Repeat word for word the lines starting at the one with "Wmns De Nike" and ending at the final line of the material, both ends included; omit pictures.

Exercise data:

══════════════════════════════

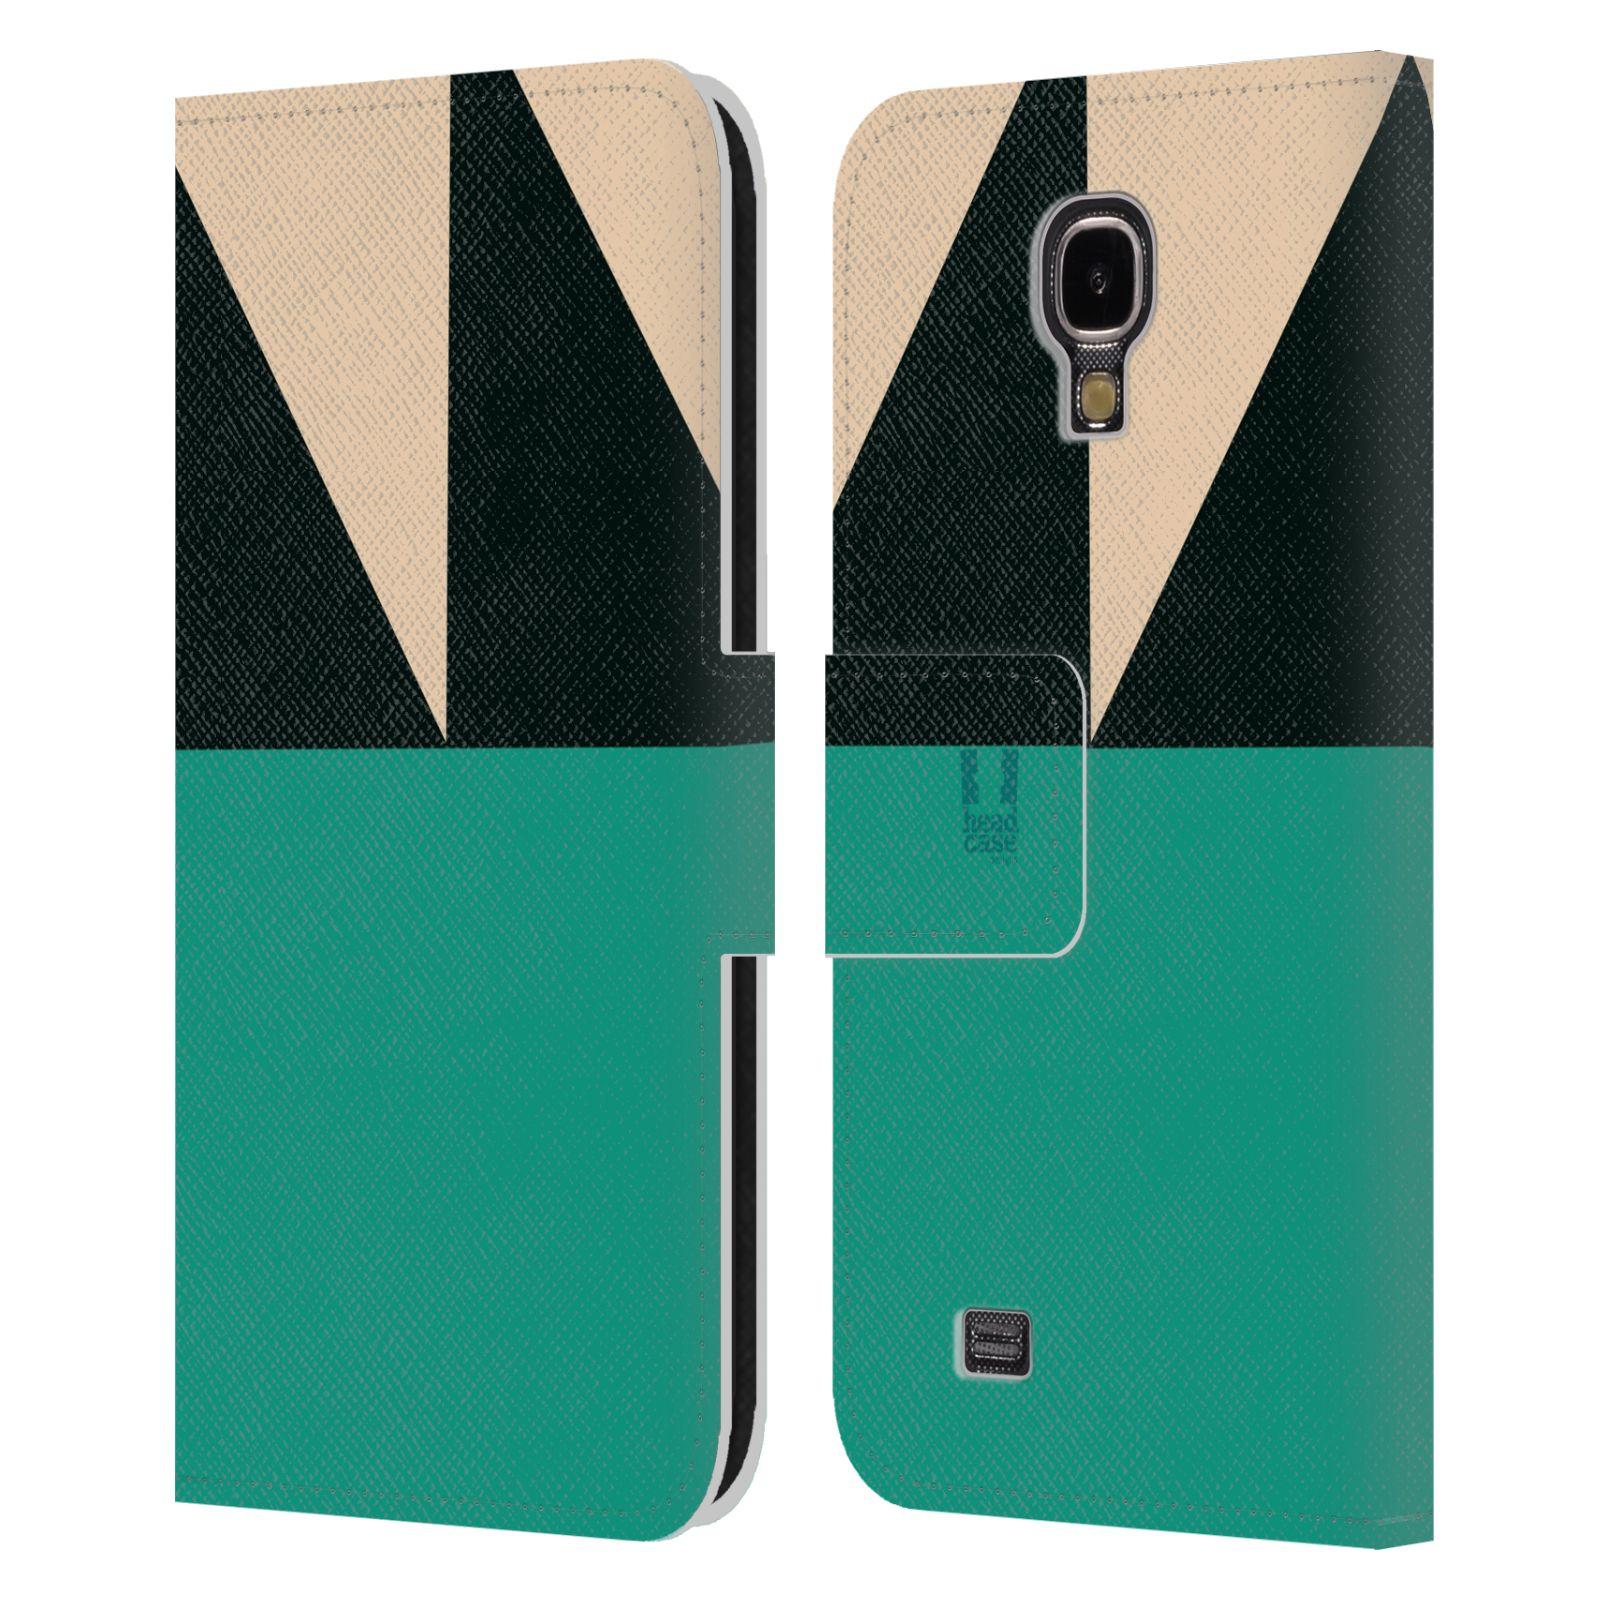 HEAD CASE Flipové pouzdro pro mobil Samsung Galaxy S4 I9500 barevné tvary moře modrá
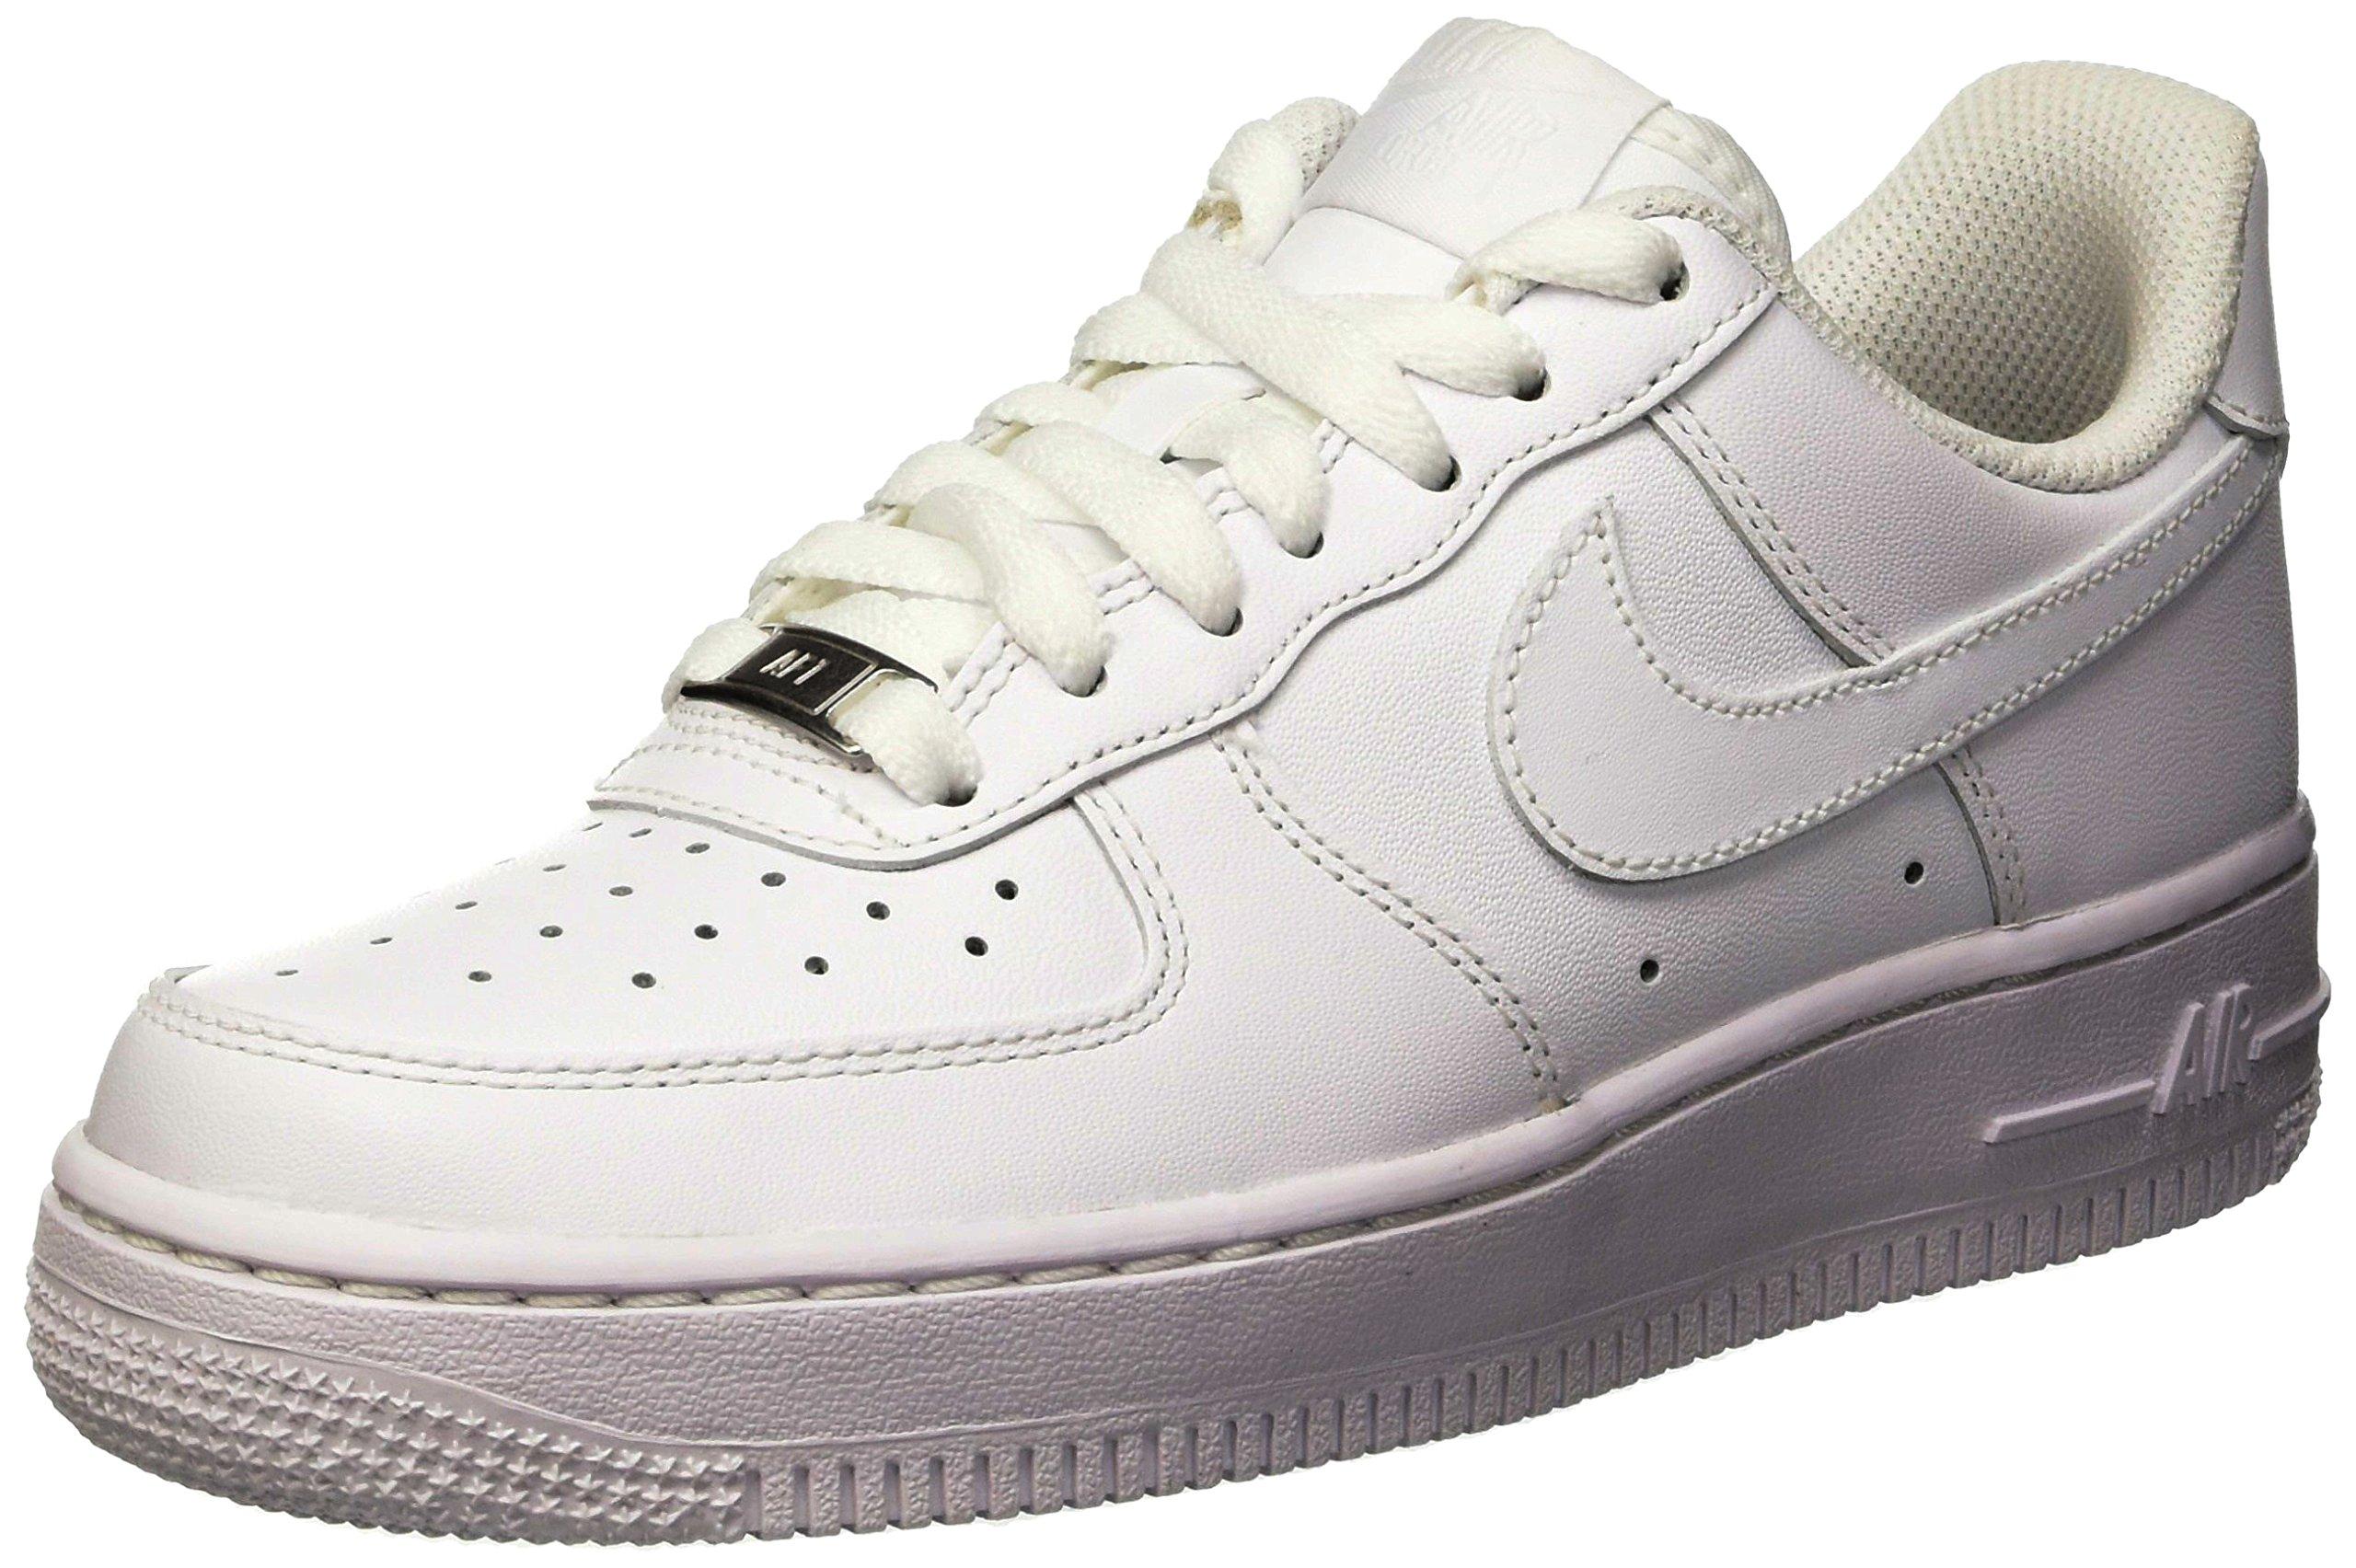 Wmns De Nike Force Sport 1 Eu 07Chaussures Air FemmeBlancwhite36 TulFcK1J3
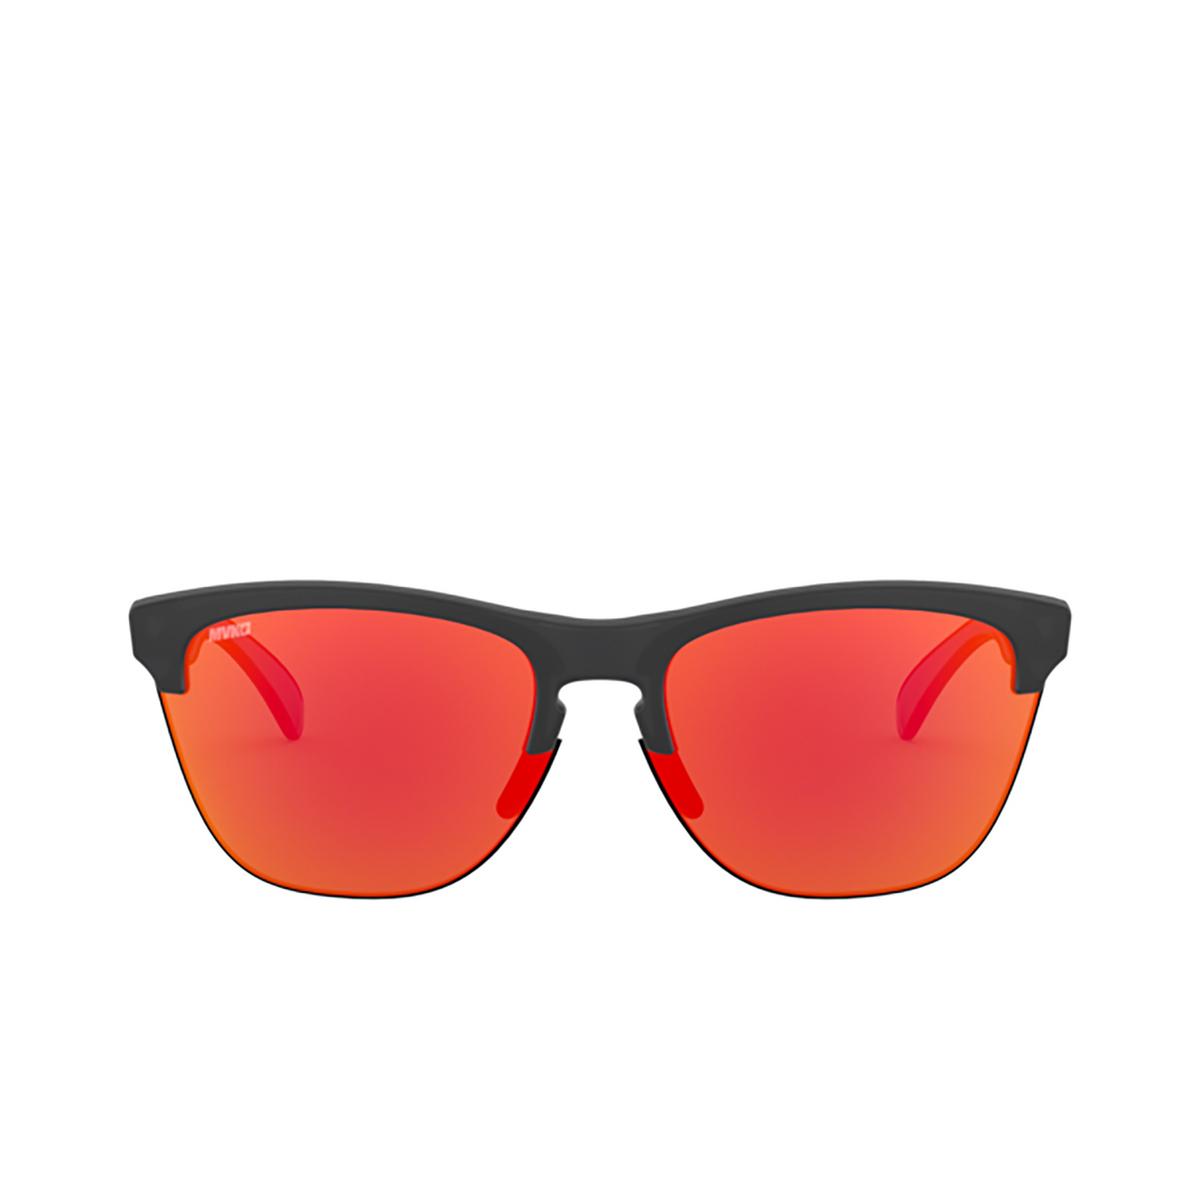 Oakley® Round Sunglasses: Frogskins Lite OO9374 color Matte Black Ink 937427 - 1/3.

══════════════════════════════

Solution for this problem:
 Wmns De Nike Force Sport 1 Eu 07Chaussures Air FemmeBlancwhite36 TulFcK1J3
 Oakley® Round Sunglasses: Frogskins Lite OO9374 color Matte Black Ink 937427 - 1/3.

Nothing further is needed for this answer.